Gender quotas increase the competence of organisations by leading to the displacement of mediocre men, a new study has found.
The research counters one of the key arguments often put forward against the introduction of minimum quotas to promote equality in the workplace: that such targets are unmeritocratic.
While some claim targets for the inclusion of underrepresented groups lead to the promotion of individuals that do not deserve it, economists at the London School of Economics found that the reverse is true. Quotas can work to weed out incompetent men.
The LSE team studied a strict gender quota introduced by Sweden’s Social Democratic party for its candidates in 1993.
At the time, some men were more critical than others, the LSE researchers say. The quota became known colloquially as the “crisis of the mediocre man,” because incompetent men had the most to fear from an influx of women into politics.

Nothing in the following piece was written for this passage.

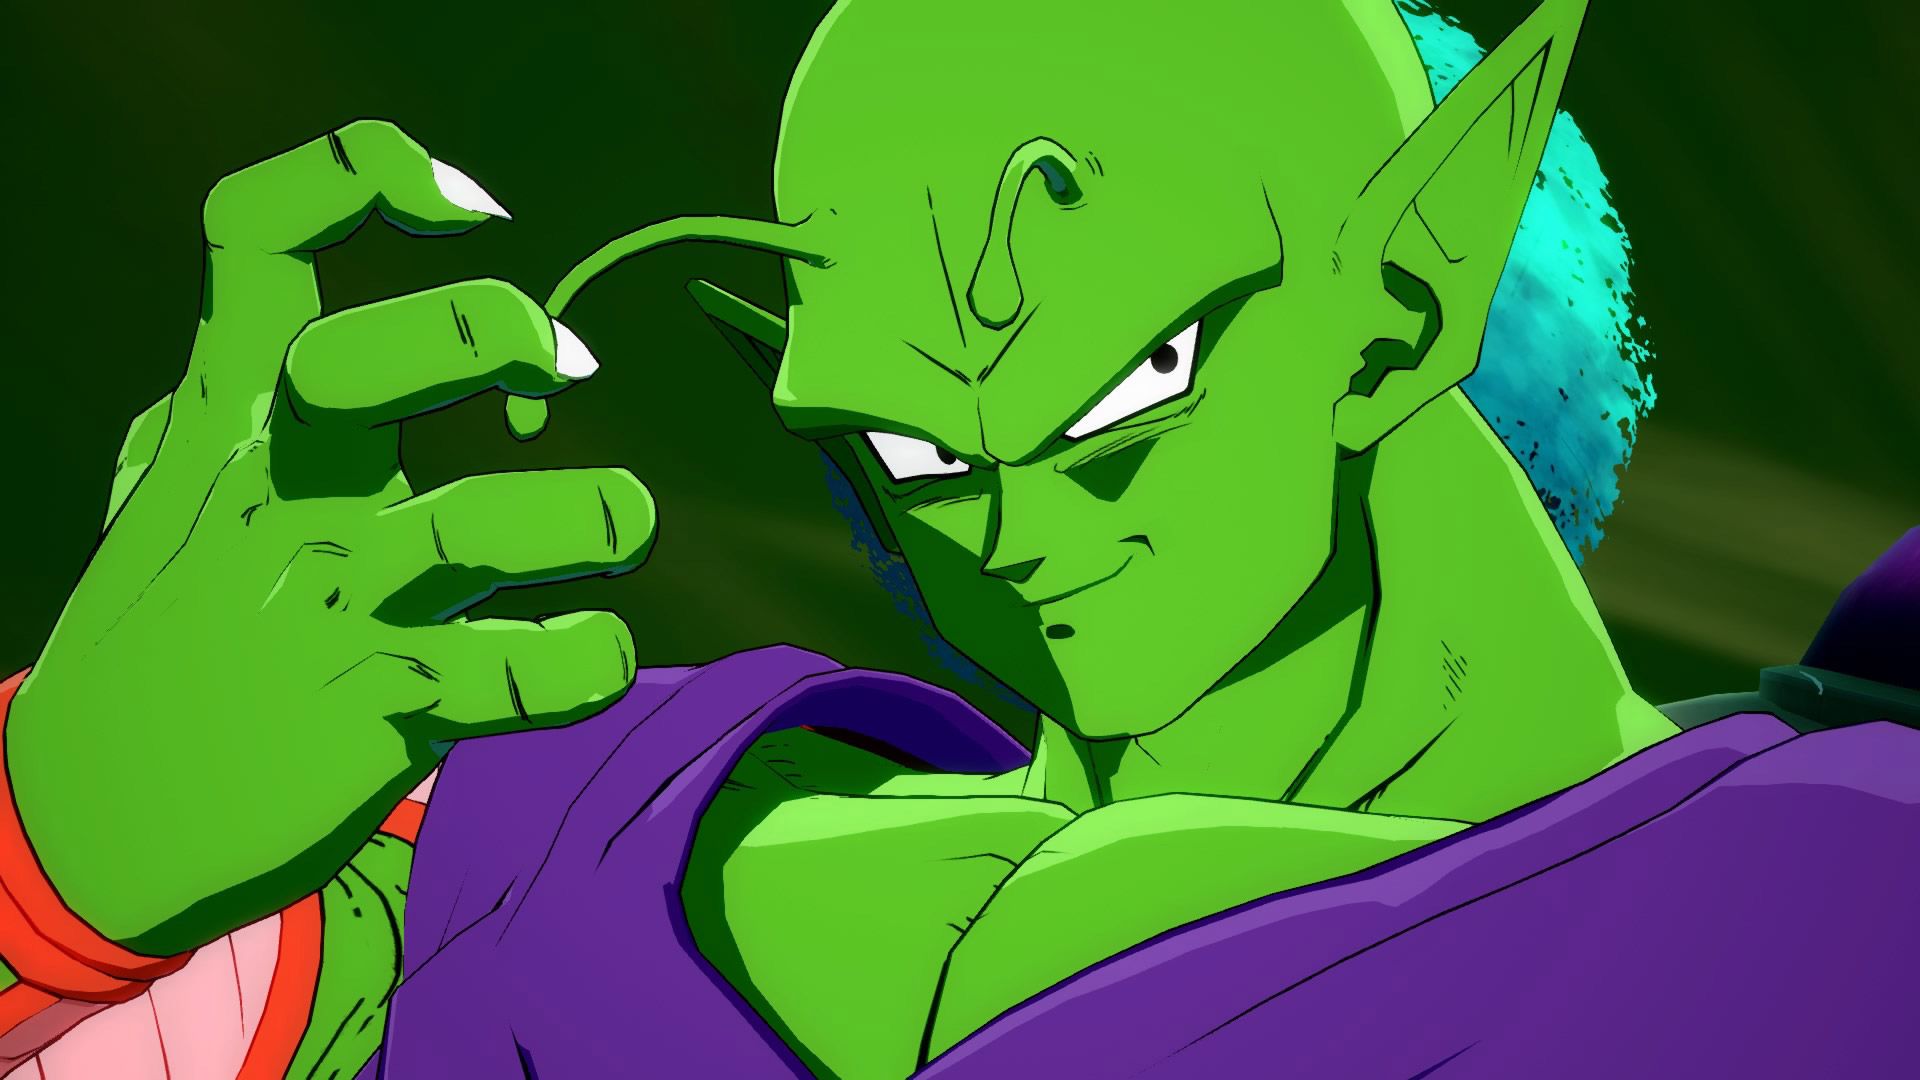 Dragon Ball Z Every Fighter Ranked Weakest To Strongest

The proportion of women elected increased by 10 percentage points, on average, but there were large differences between different municipalities.
Some were already close to being equal before the reforms, while others had been previously almost entirely put forward male candidates.

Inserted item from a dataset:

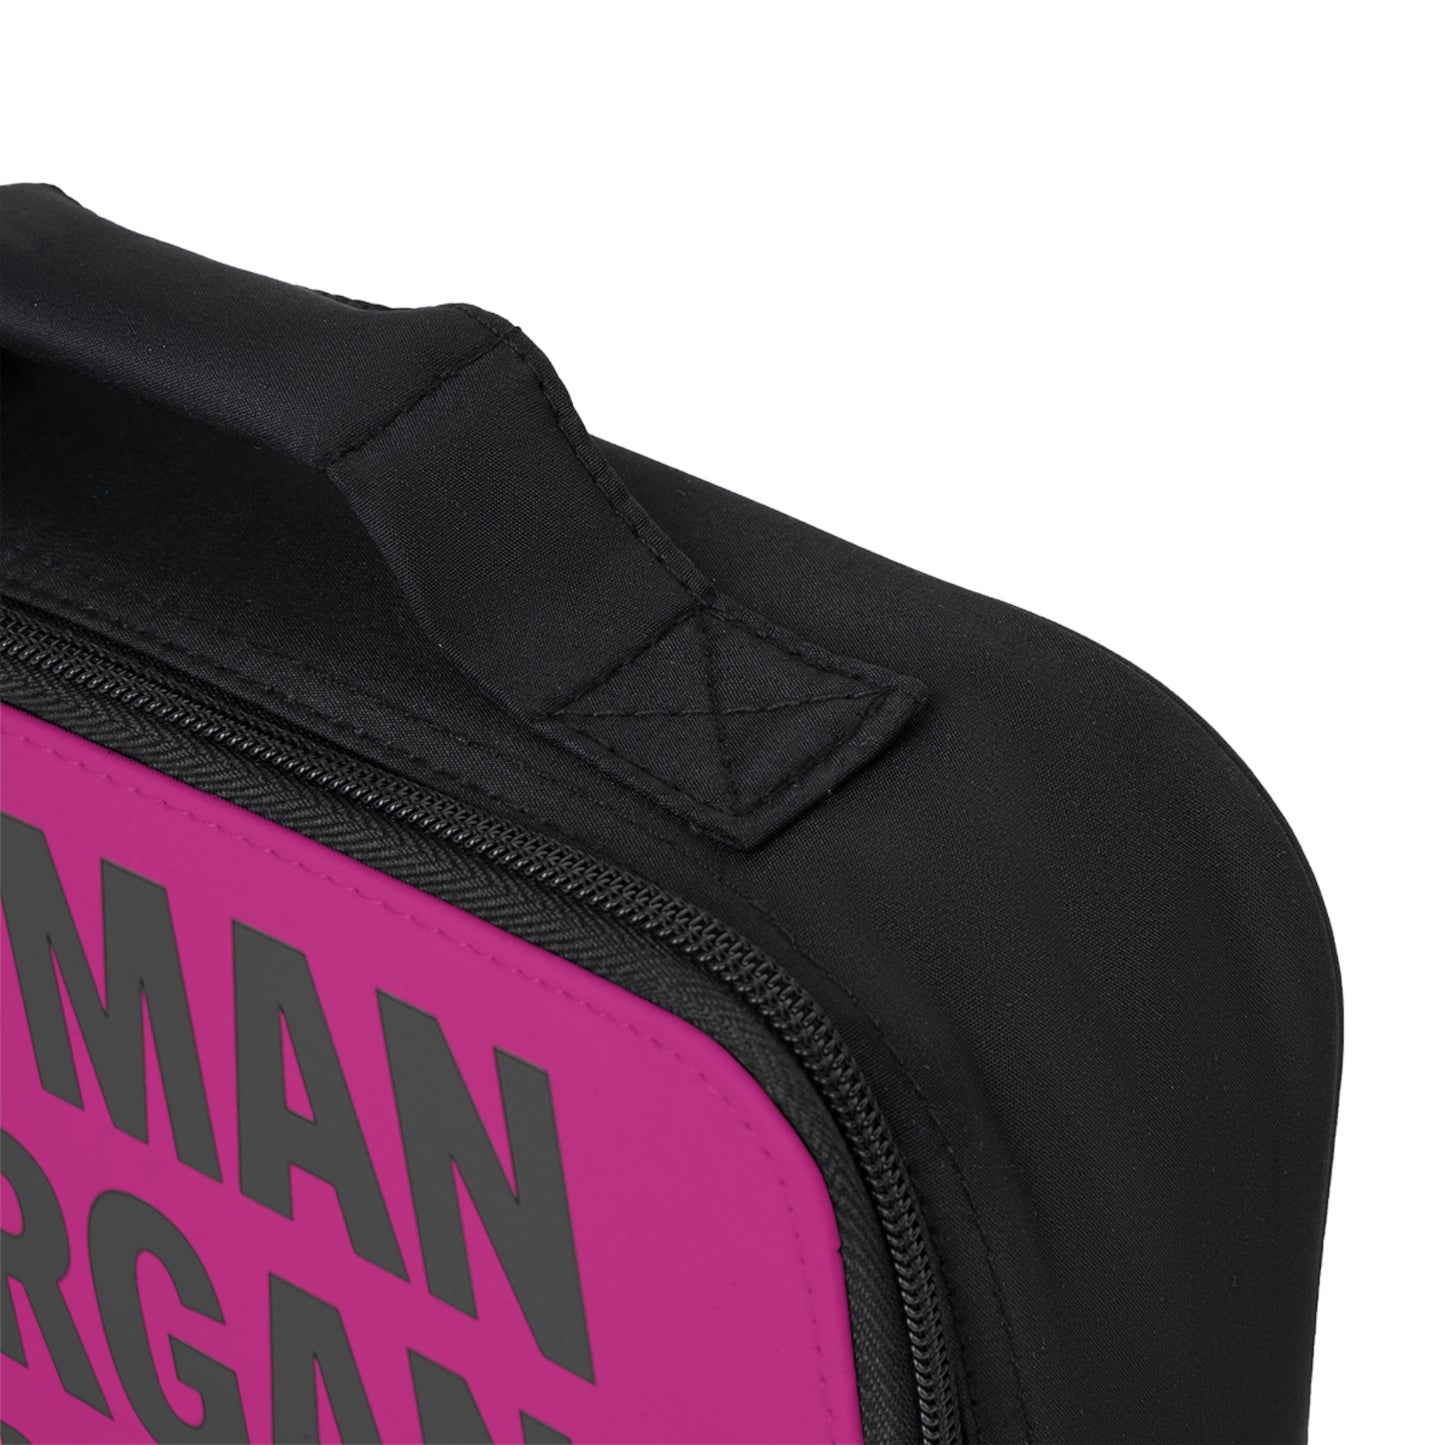 Human Organ for Donation & Snacks - Pink - Lunch Bag

The study found that the average competence of male politicians increased most in the places where the quota had a larger impact. The findings can also be applied to workplaces, the researchers said.
On average, a 10 percentage point increase in female representation raised the proportion of competent men by 3 percentage points. The researchers observed little discernible effect on the competence of women.

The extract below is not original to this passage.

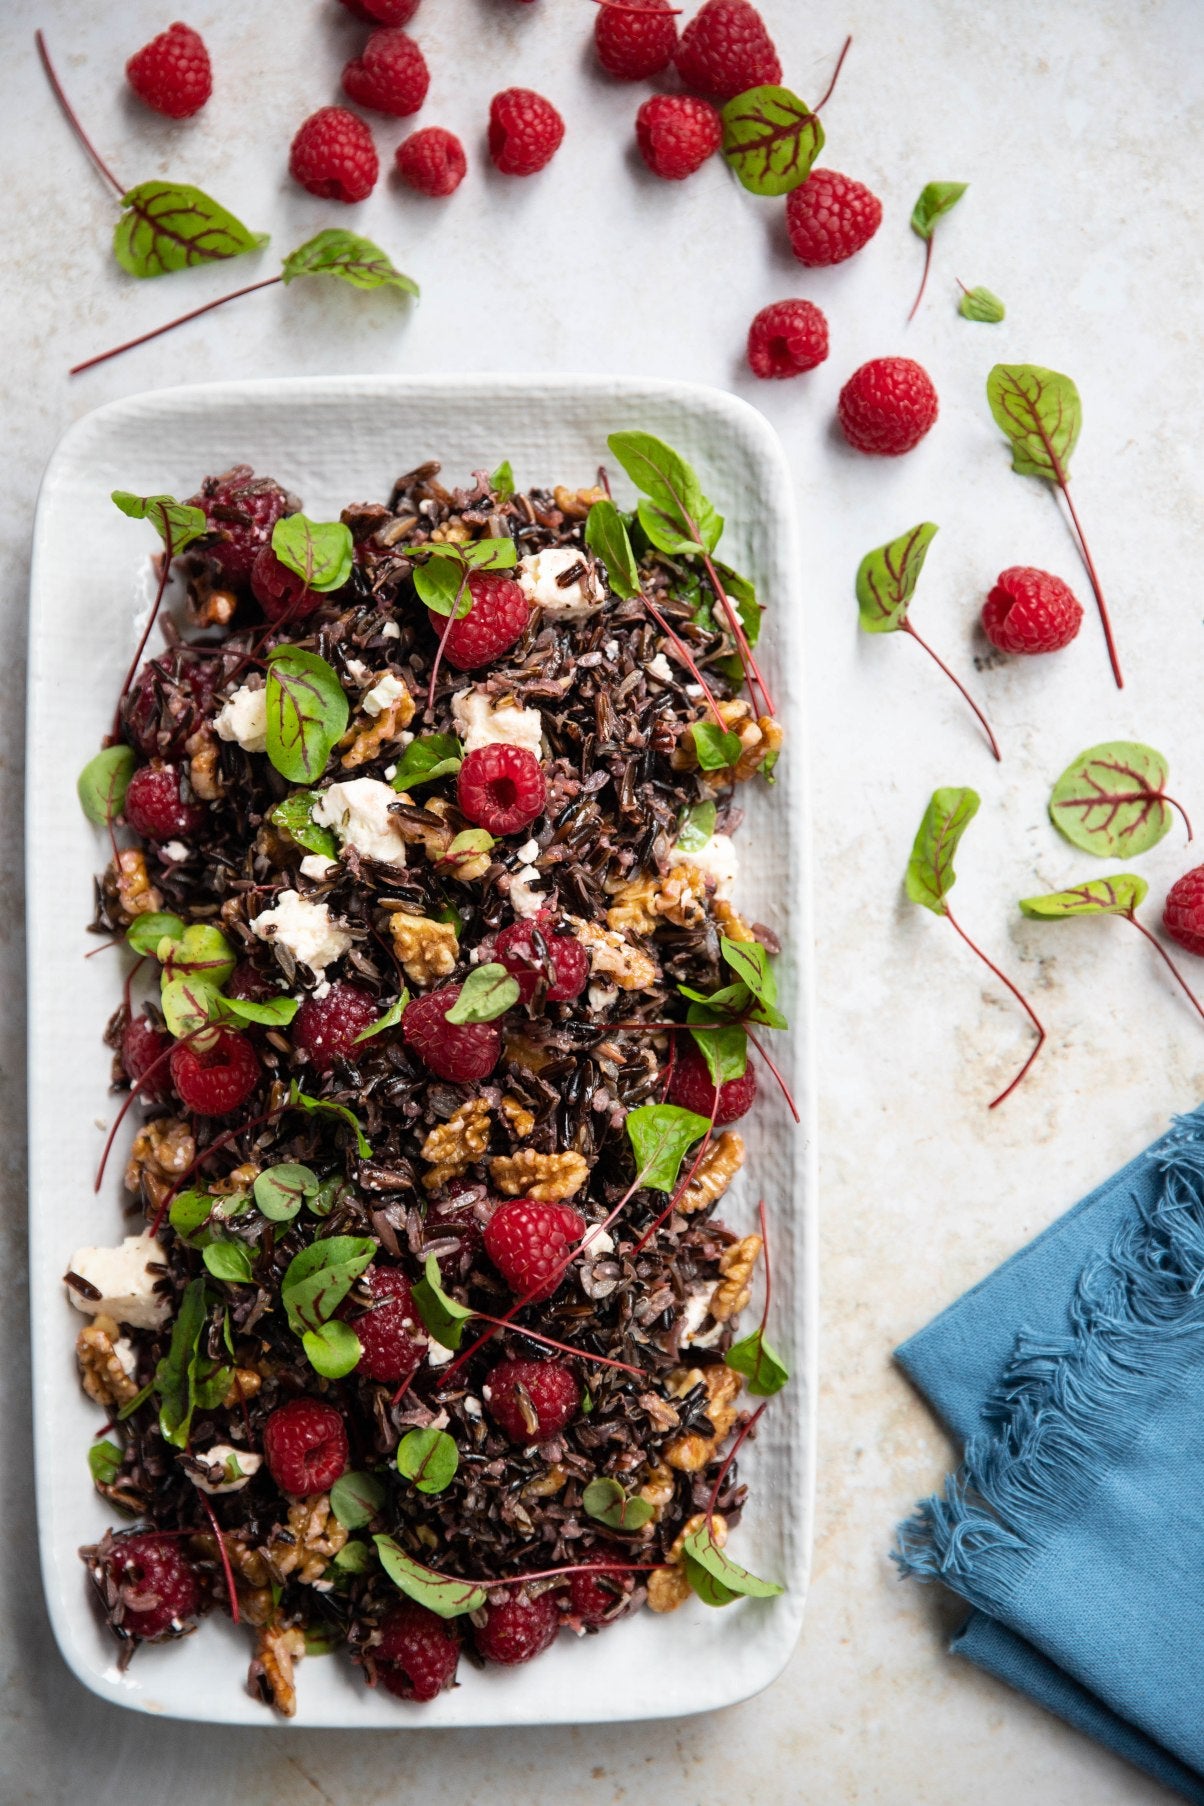 Wild Rice and Raspberry Salad with Toasted Walnuts, Feta and Raspberry Dressing | Harris Farm Markets

Competence was measured by comparing the private incomes across people with the same education, occupation, age, and residence in the same geographical region. Those with higher incomes were deemed more competent.
Beyond the obvious point that the quota gave fewer positions to men, quotas can have strategic effects on political selection, the researchers said.
“Mediocre leaders have a strong incentive to surround themselves with mediocre followers, so as to bolster their chances of remaining in power.” Quotas, they say, create a threat to such “cozy arrangements”.
“Our main finding is that gender quotas increase the competence of the political class in general, and among men in particular. Moreover, quotas are indeed bad news for mediocre male leaders who tend to be forced out,” the researchers said.
However, the country still has a long way to go to meet the standards of the most equal countries. The latest analysis from the World Economic Forum puts Iceland as the best nation in the world for gender equality. Iceland has pledged to end the gender pay gap by 2022.
Other Nordic countries, Finland, Norway and Sweden take up the next three positions on the list. The UK comes in at 20th on the list.